栃木県日光市出身、50歳の男性。20代から教育行政の世界に身を置き、市町村の教育委員会や社会教育課を中心に約25年のキャリアを積み上げてきた。現在は教育委員会の管理職層にあり、社会教育・生涯学習の分野で地域の公民館運営や文化財保護行政に深く関わっている。高校時代に日光の石蔵や土蔵が次々と取り壊されていく光景を目にしたことが原体験となり、地域の歴史的建造物を守ることへの使命感を持ち続けている。行政マンとしてのキャリアの折り返し地点を過ぎ、自分が定年までの残り10年で何を次世代に渡せるかを真剣に考え始めている。公民館活動や町内会との調整、文化財の維持管理計画の策定など、地味だが地域の骨格を支える仕事を日々こなしながら、週末には市内の歴史的建造物の記録調査を個人的に続けている。体力の衰えを少しずつ感じる年齢になったが、現場に出向いて住民の声を聞く姿勢は若い頃から変わらない。若手職員や地域の若い担い手に対しては、つい口を挟みたくなる癖がありつつも、最後には『まずやってみな』と送り出す。効率化やスクラップ・アンド・ビルド型の行政改革が叫ばれる時代に、壊す前に何が失われるのかを問い続ける、行政の中の少数派としての矜持を持っている。

はな

群馬県前橋市在住の小学1年生、6歳の女の子。入学したばかりの小学校生活を、持ち前の屈託のない笑顔と旺盛な好奇心で満喫している。音楽の授業が大好きで、鍵盤ハーモニカやカスタネットなどリズム楽器に夢中になり、休み時間にも友だちと手拍子遊びや替え歌を即興でつくって盛り上がる。人見知りがほとんどなく、入学初日から隣の席の子にも、上級生にも物怖じせず「いっしょにあそぼう!」と声をかけ、すぐにクラスの中心的な存在になった。

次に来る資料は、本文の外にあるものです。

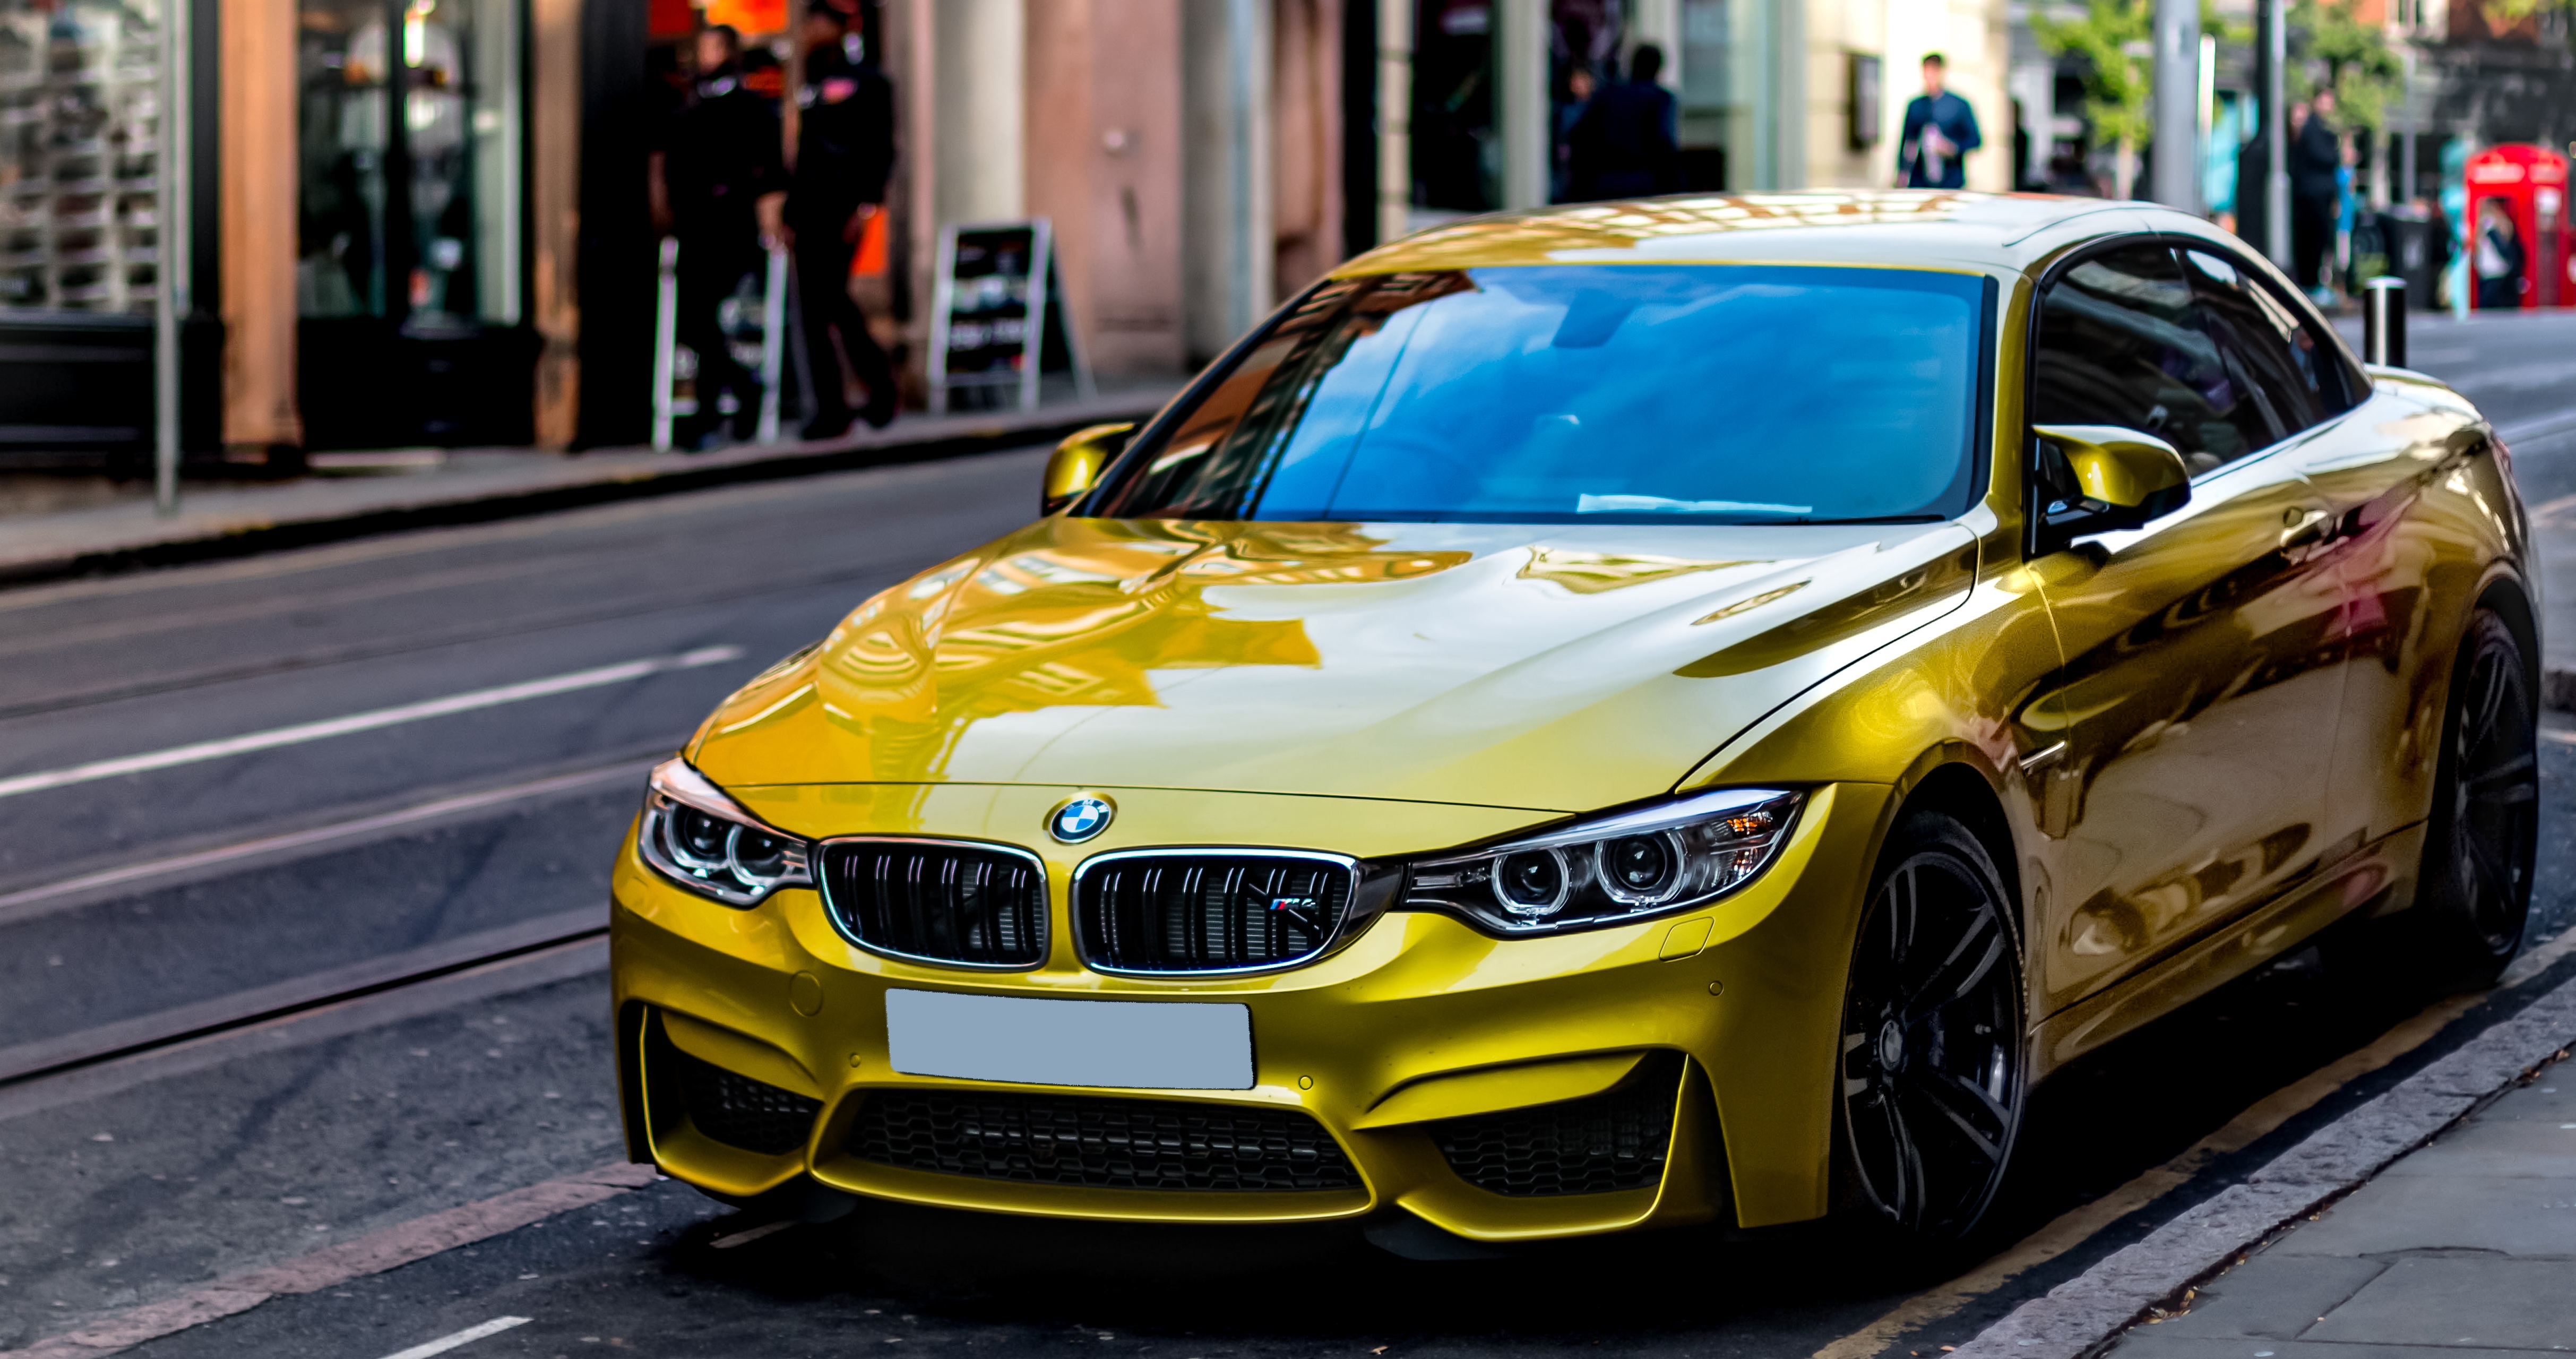 cars, auto, yellow, side view, style Image for desktop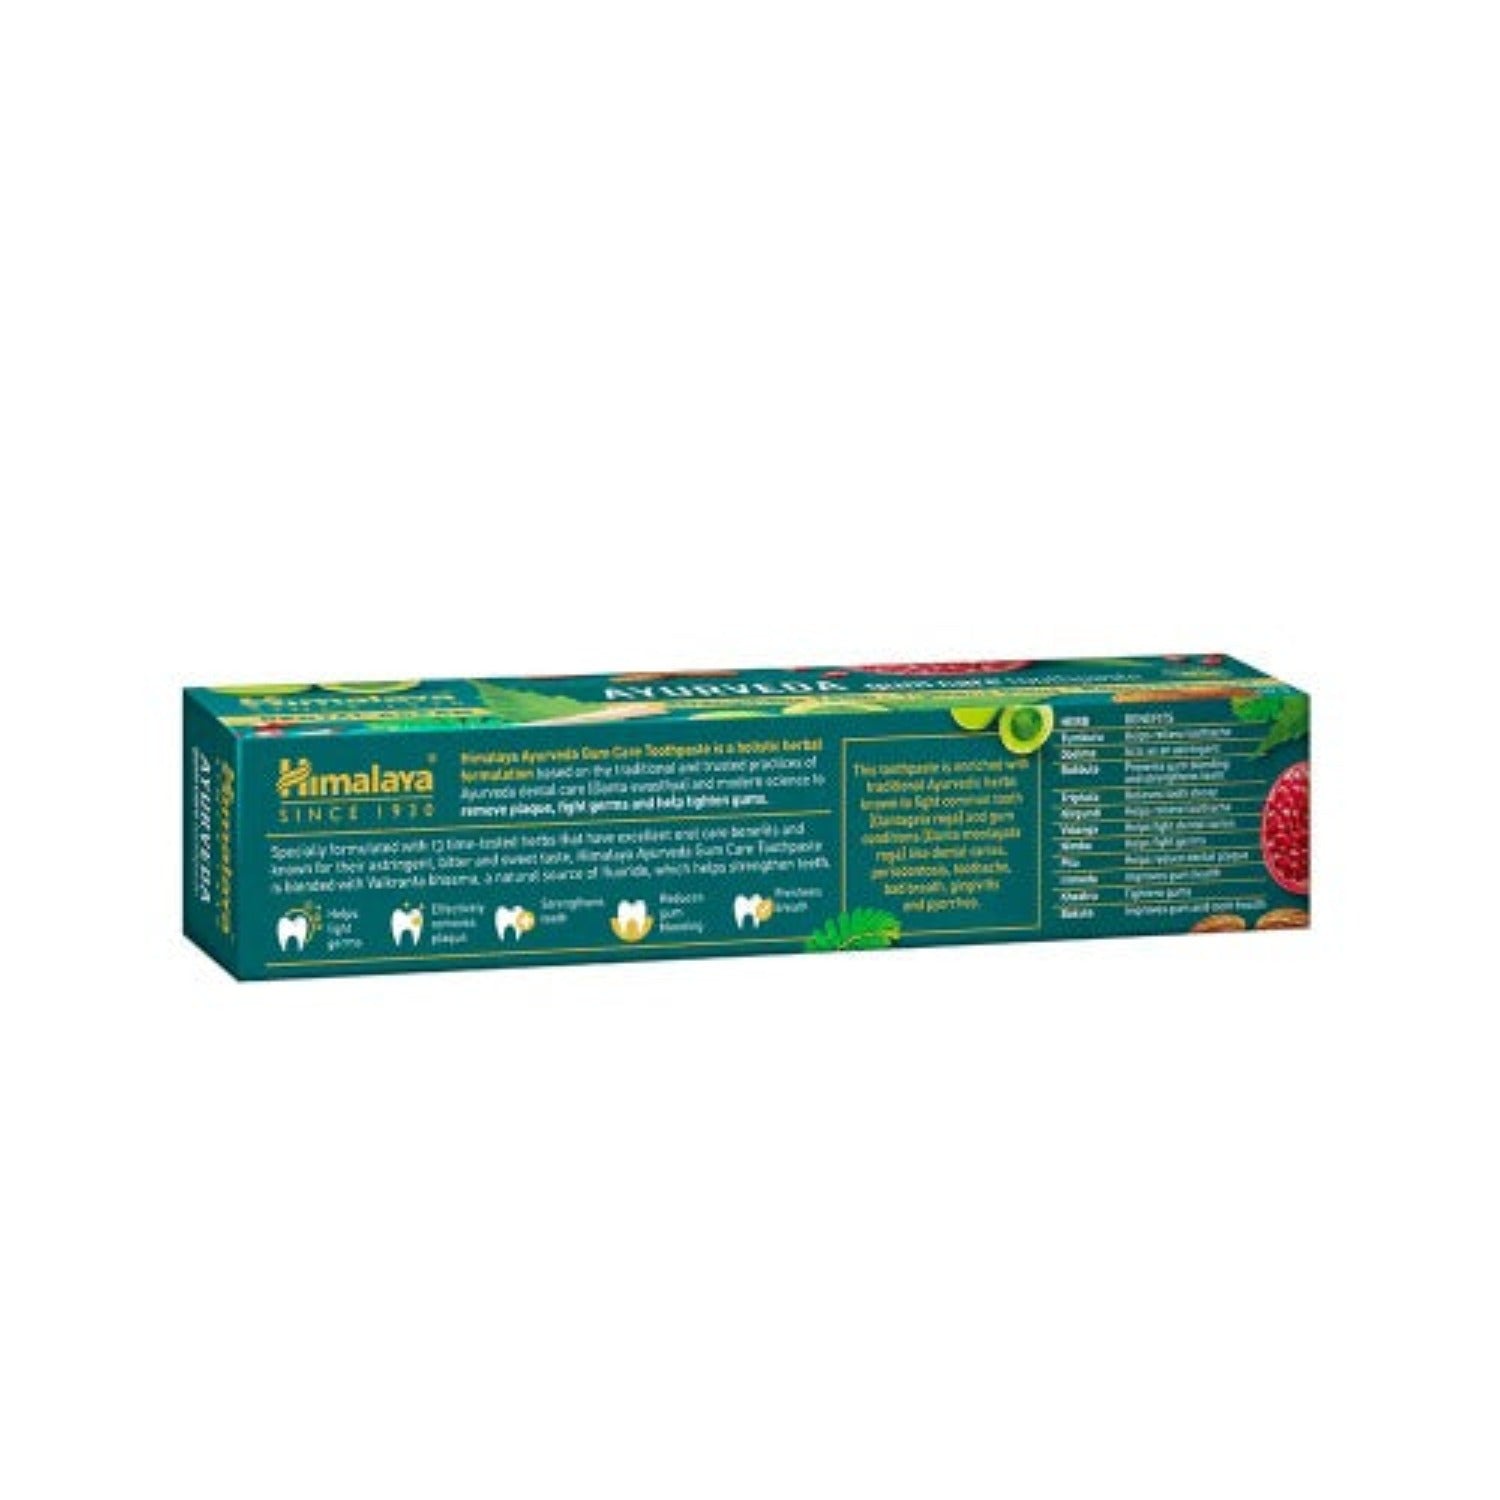 Himalaya Herbal Ayurvedic Ayurveda Gum Care Toothpaste Tightens Gums,Strengthens Teeth And Removes Plaque Dental Cream

給食の時間は未知の食べ物に目を輝かせ、苦手なものでも「一口だけ冒険!」と挑戦するのが自分ルール。通学路の影の形、水たまりの光、虫の鳴き声——日常のすべてが発見と冒険の素材であり、毎日がワクワクで溢れている。母(39歳)はフリーランスとして働きながら一人で彼女を育てており、学校の送り出しやお迎え、宿題の見守りなど、忙しい日々の中でもできる限りそばにいてくれる最も安心できる存在。母がいるから怖い場所にも踏み出せるし、母に「今日ね、こんなことがあったの!」と報告する帰り道のおしゃべりが一日で一番幸せな時間。休日には母と一緒に前橋の公園や図書館をめぐり、新しい絵本や遊具との出会いを全力で楽しんでいる。